Scholz is program manager for the National Science Foundation’s Phosphorus Sustainability Research Coordination Network (RCN) and the Sustainable Phosphorus Alliance, housed in the Biodesign Swette Center for Environmental Biotechnology. He describes the alliance as an industry nonprofit, and one of the major deliverables from the NSF grant.

“We are very focused at this phase on implementation of sustainable phosphorus solutions,” Scholz said. “We have done five years of research in our prior project with our NSF grant and now we are working with industry to affect some change.”

Attracting industry attention

The Sustainable Phosphorus Alliance recently received a second round of funding from the OCP Group, a Moroccan mining company that owns the largest deposits of phosphate rock in the world. OCP has already provided the Alliance with $200,000 in funding and will provide an additional $150,000 over the next three years.

Scholz said phosphorus pollution is a major issue for the industry, so their support of the alliance shows, “they are trying to take a more proactive stewardship role.”

OCP staff first attended an Alliance event in 2015, and Bruce Rittmann, director of the Biodesign Swette Center for Environmental Biotechnology and a Regents’ Professor at ASU, gave a talk at an OCP event in Morocco earlier this year.

The alliance grew out of industry interest in phosphorus sustainability and recycling during the original NSF grant period, which brought together dozens of researchers from around the world.
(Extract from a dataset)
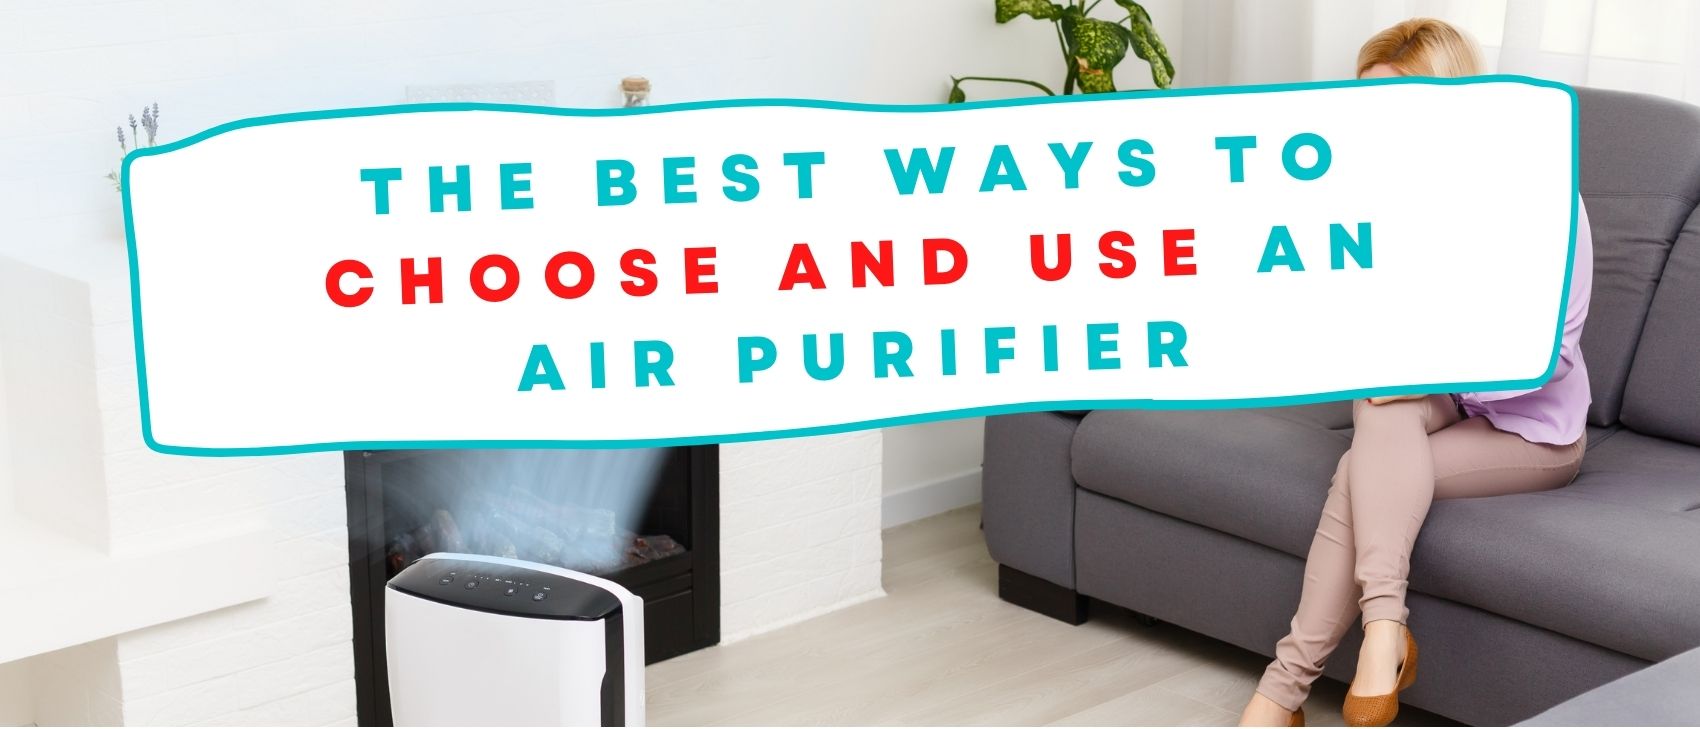 The Best Ways to Choose and Use an Air Purifier

Scholz said they wanted to broaden the network while the grant was extended for an additional period.

Forging new partnerships

This year, the alliance grew to nine member organizations representing different stages of the phosphorus value chain, Scholz said.
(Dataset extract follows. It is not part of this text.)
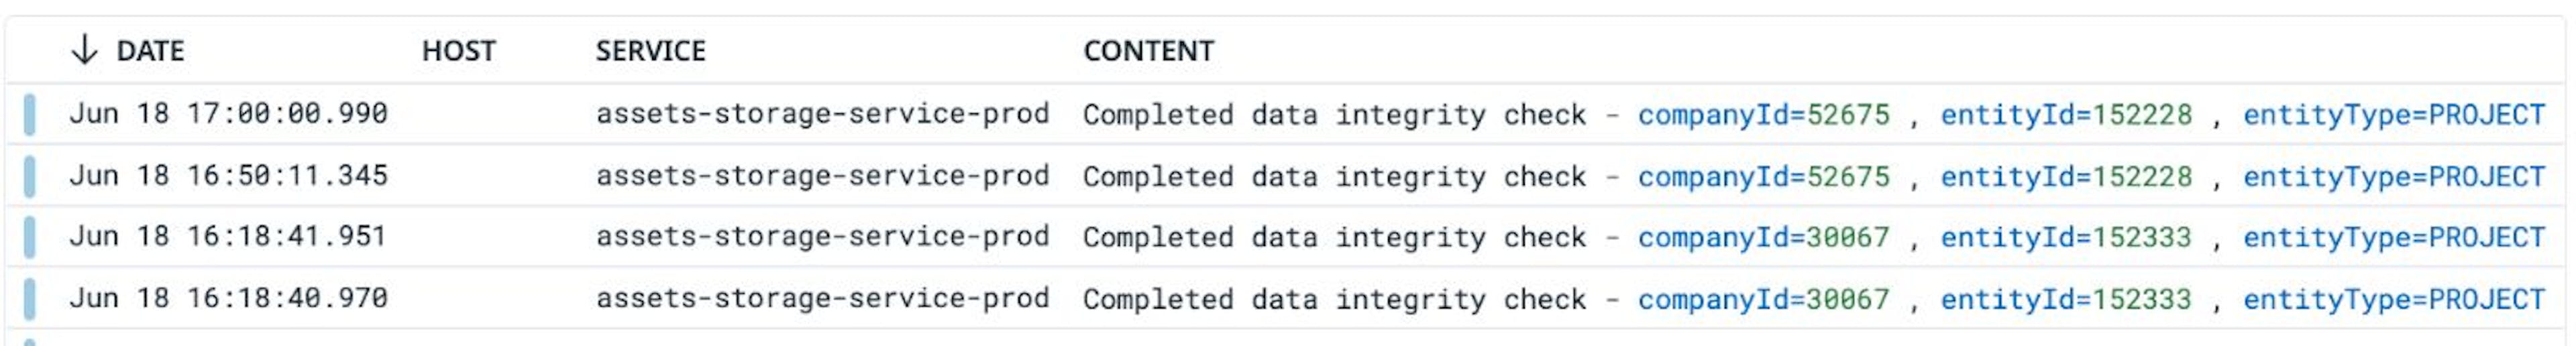 Datadog logs UI with logs that use the suggested hierarchical approach

“We’ve made our first forays into the composting industry, which is interesting because OCP represents the beginning of the value chain for phosphorus, they are pulling it out of the ground, and then composting is at the very end, they are the folks taking the food waste and turning it into nutrients,” he said. “If you think about those two, if you want to close the loop, those are your end players and everyone sits in between, and that is our mission, to bring all the different nodes together along that value chain and get them to interact and think about how to manage phosphorus more sustainably.”

“It’s a really complex problem and there aren’t any silver bullet solutions,” Scholz said. But he points to innovative agricultural techniques that could help, like extracting legacy phosphorus from the soil, practicing regenerative farming or reducing tilling.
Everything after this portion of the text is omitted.